§ **WHAT IS REQUIRED**
Please restate every line below exactly, without any pictures.

=== PROVIDED MATERIAL ===

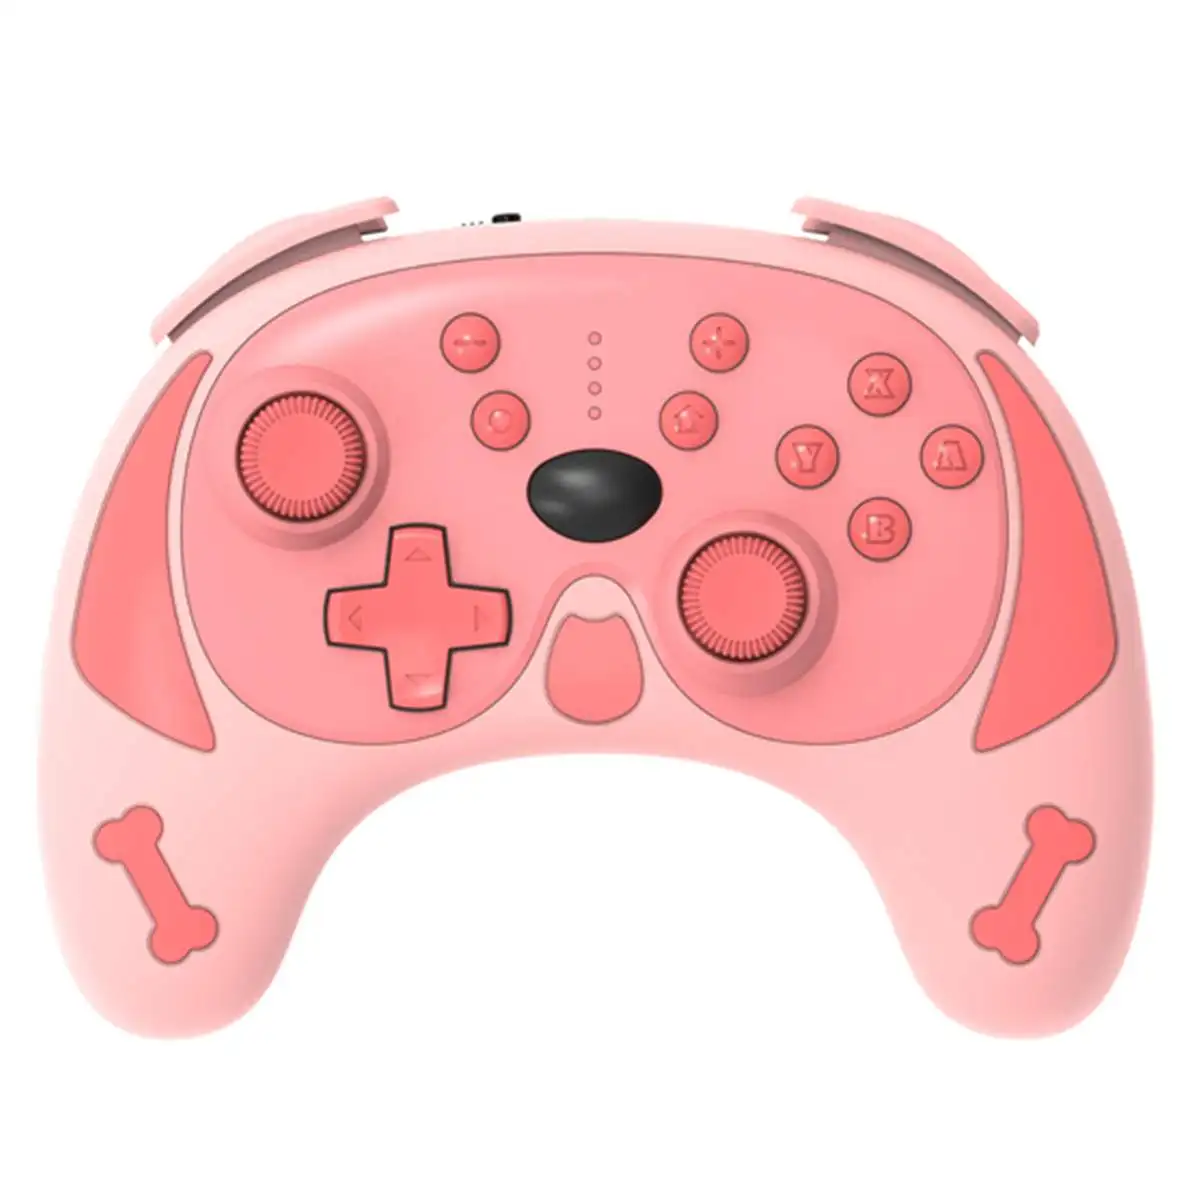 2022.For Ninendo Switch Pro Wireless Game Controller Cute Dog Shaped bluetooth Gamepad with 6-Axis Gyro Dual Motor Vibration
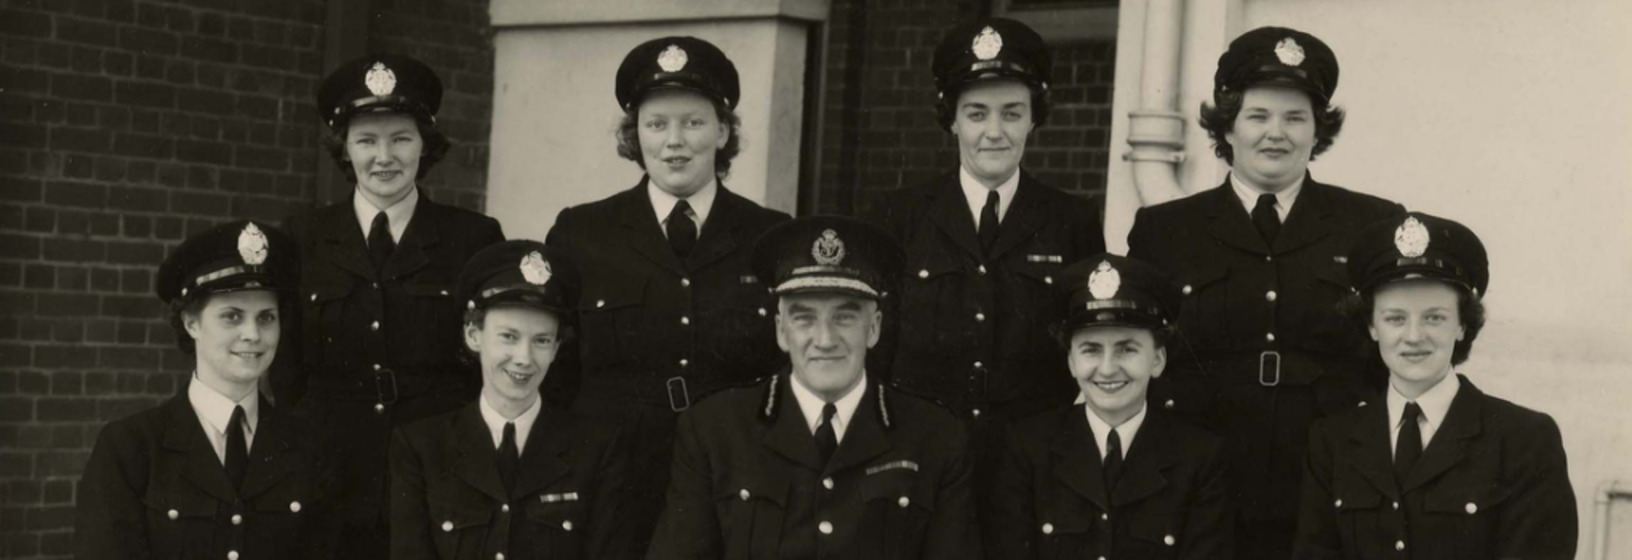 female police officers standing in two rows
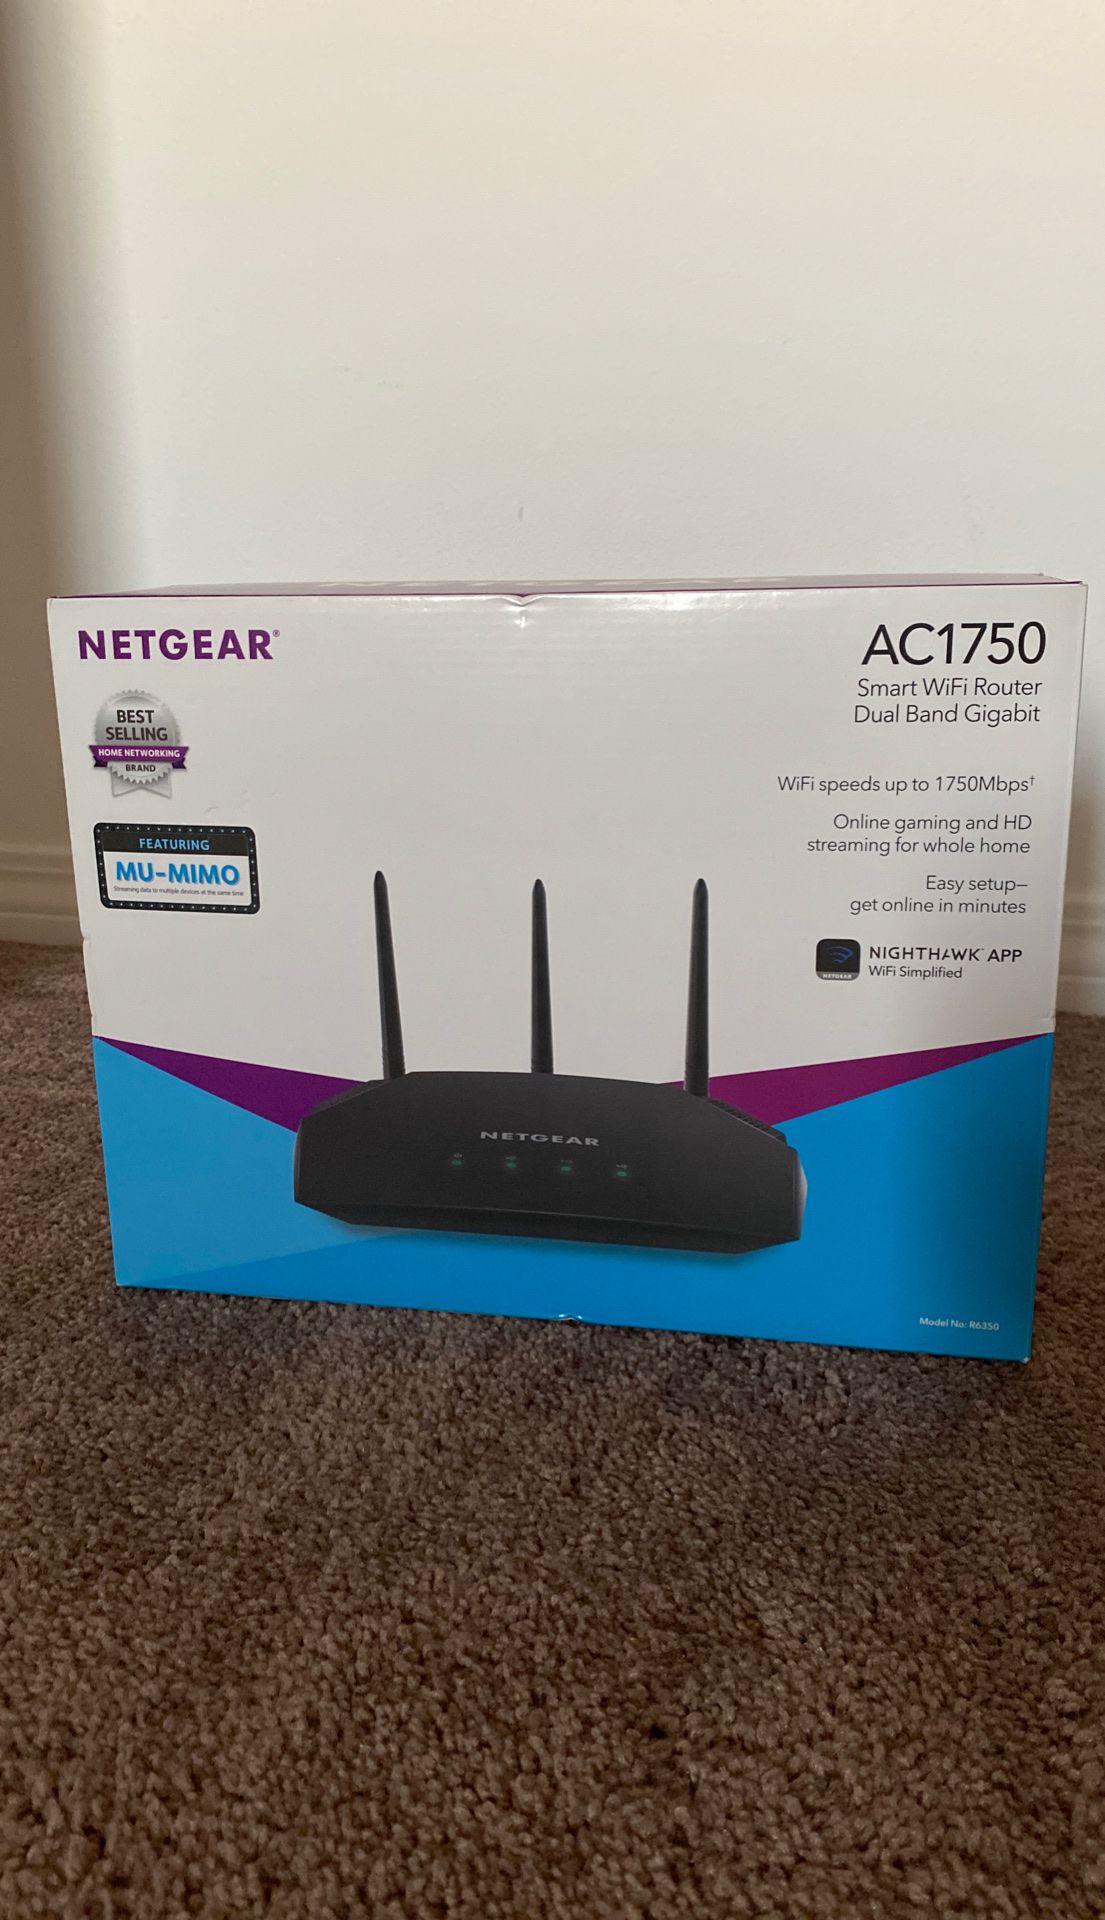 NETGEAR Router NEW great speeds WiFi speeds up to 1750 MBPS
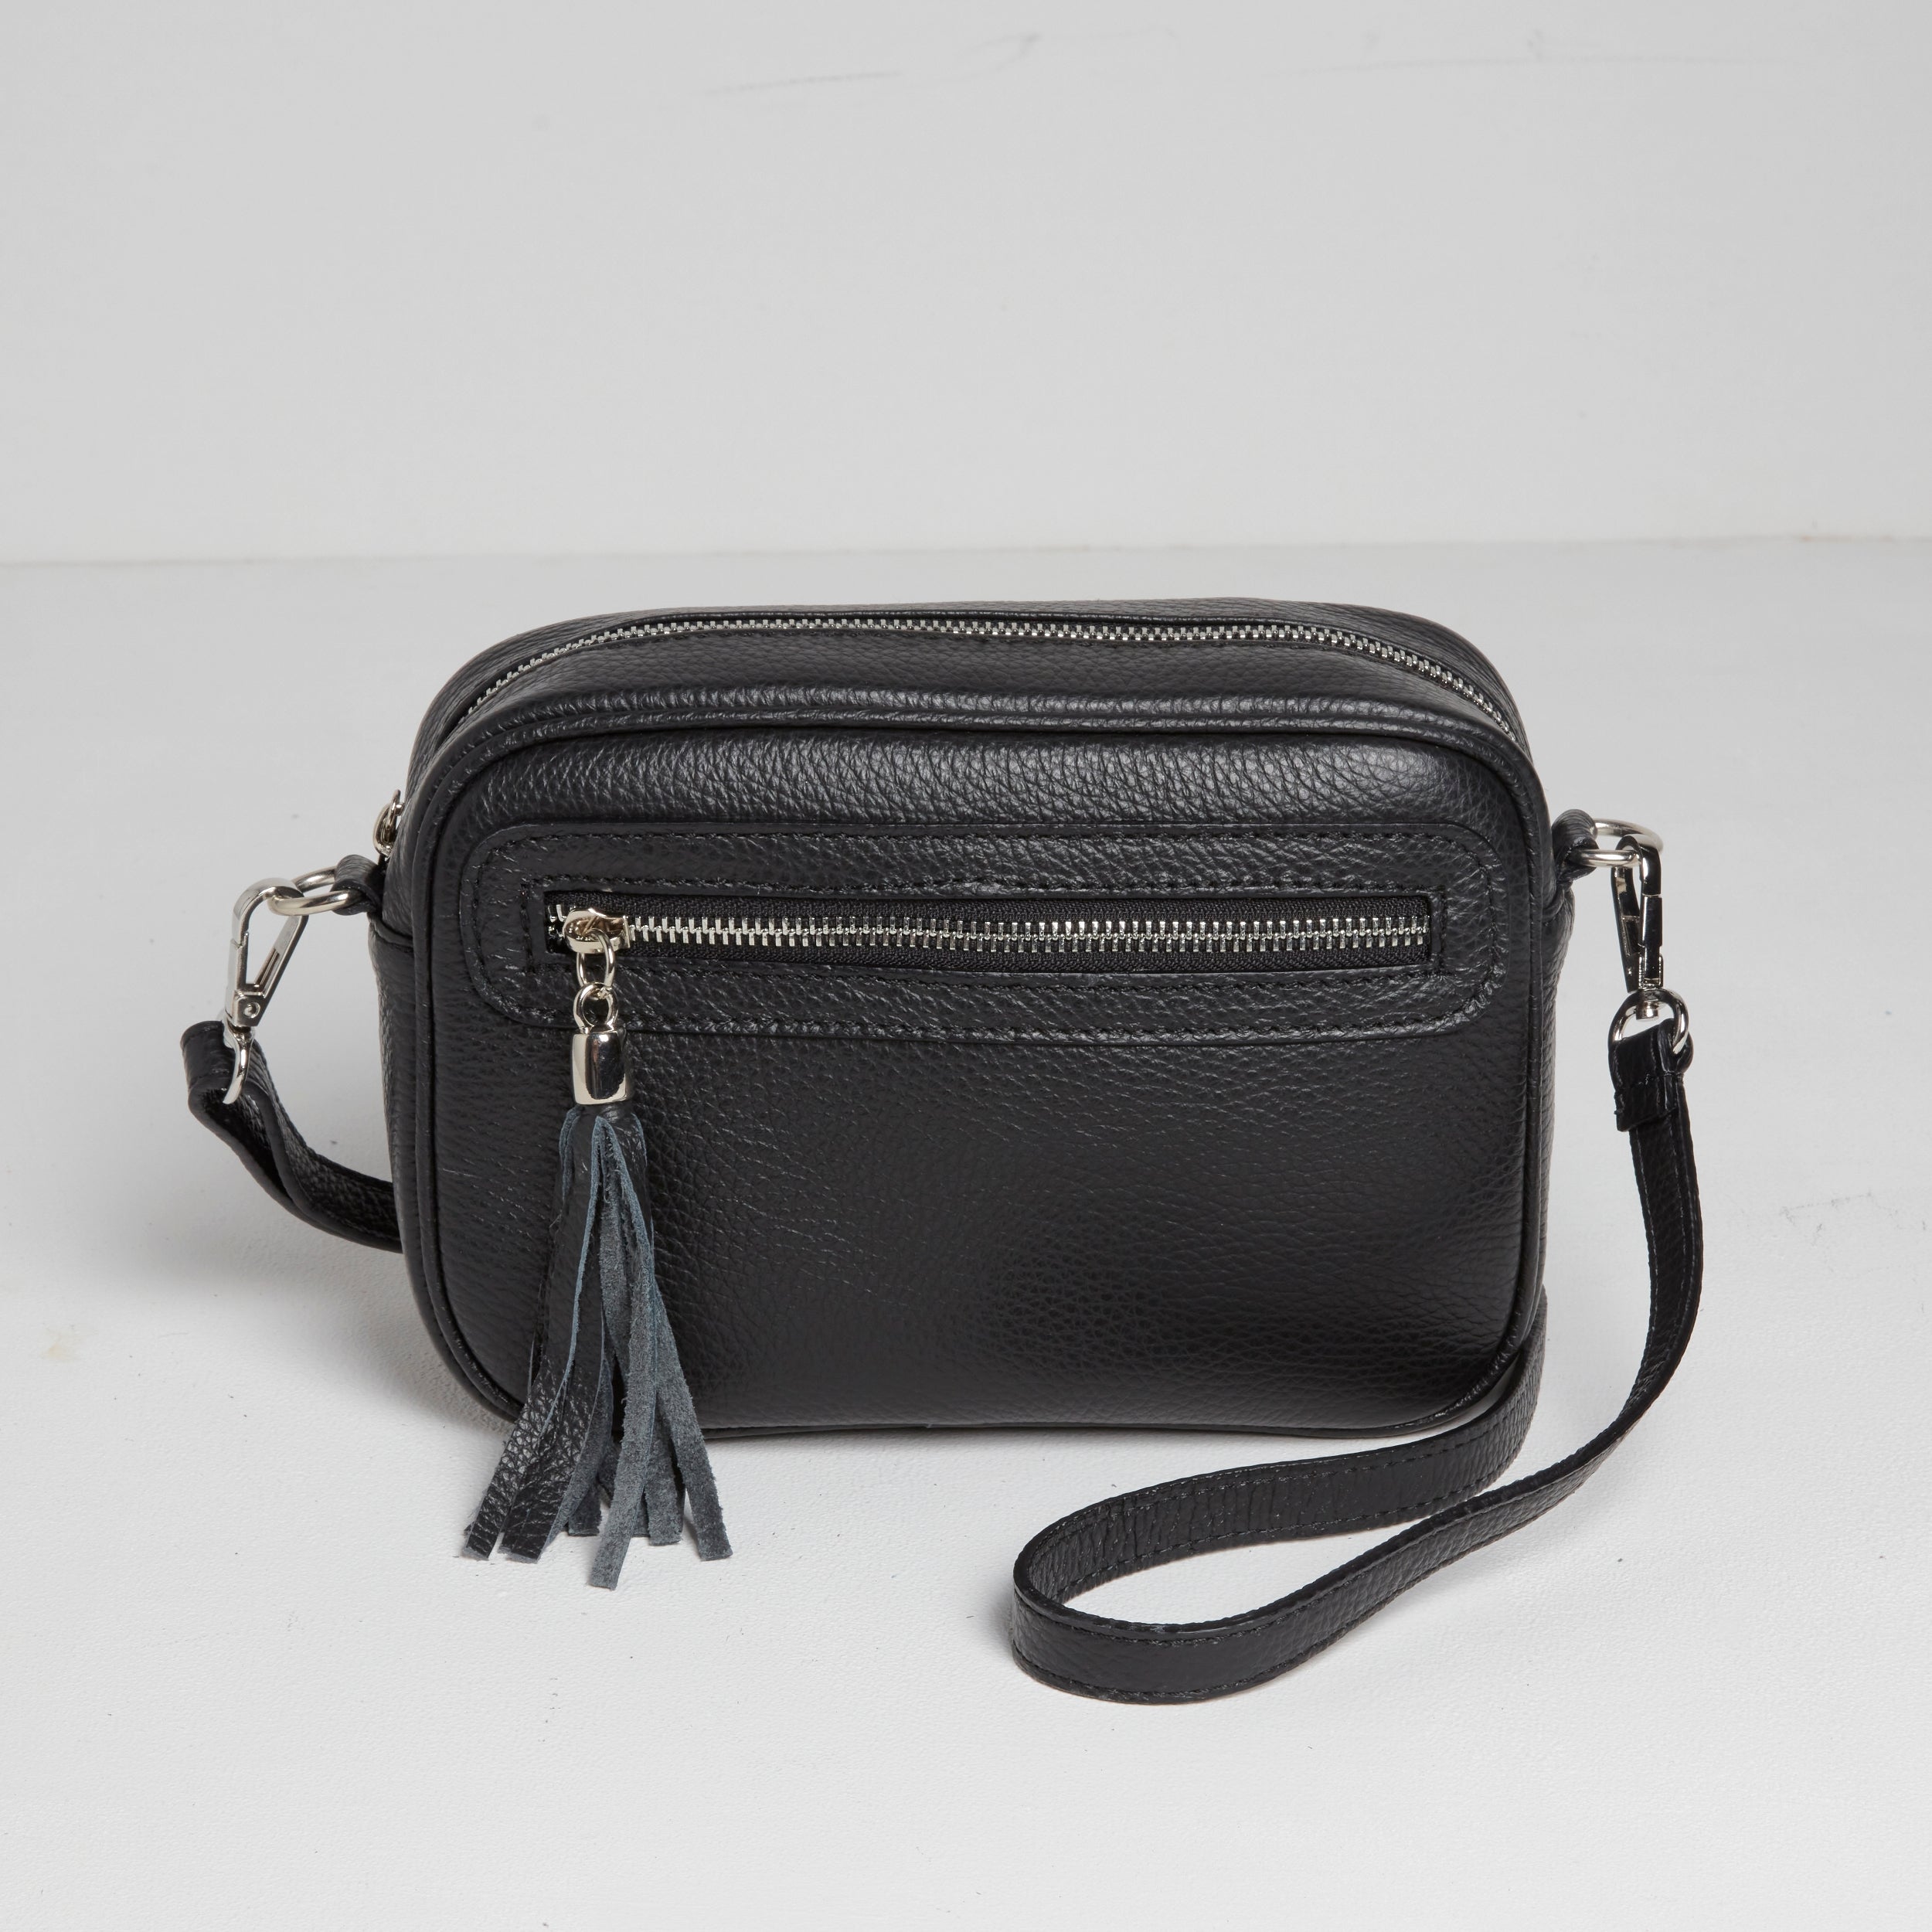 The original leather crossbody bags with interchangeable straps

===

§ **ANSWER BELOW**
 2022.For Ninendo Switch Pro Wireless Game Controller Cute Dog Shaped bluetooth Gamepad with 6-Axis Gyro Dual Motor Vibration
 female police officers standing in two rows
 NETGEAR Router NEW great speeds WiFi speeds up to 1750 MBPS
 The original leather crossbody bags with interchangeable straps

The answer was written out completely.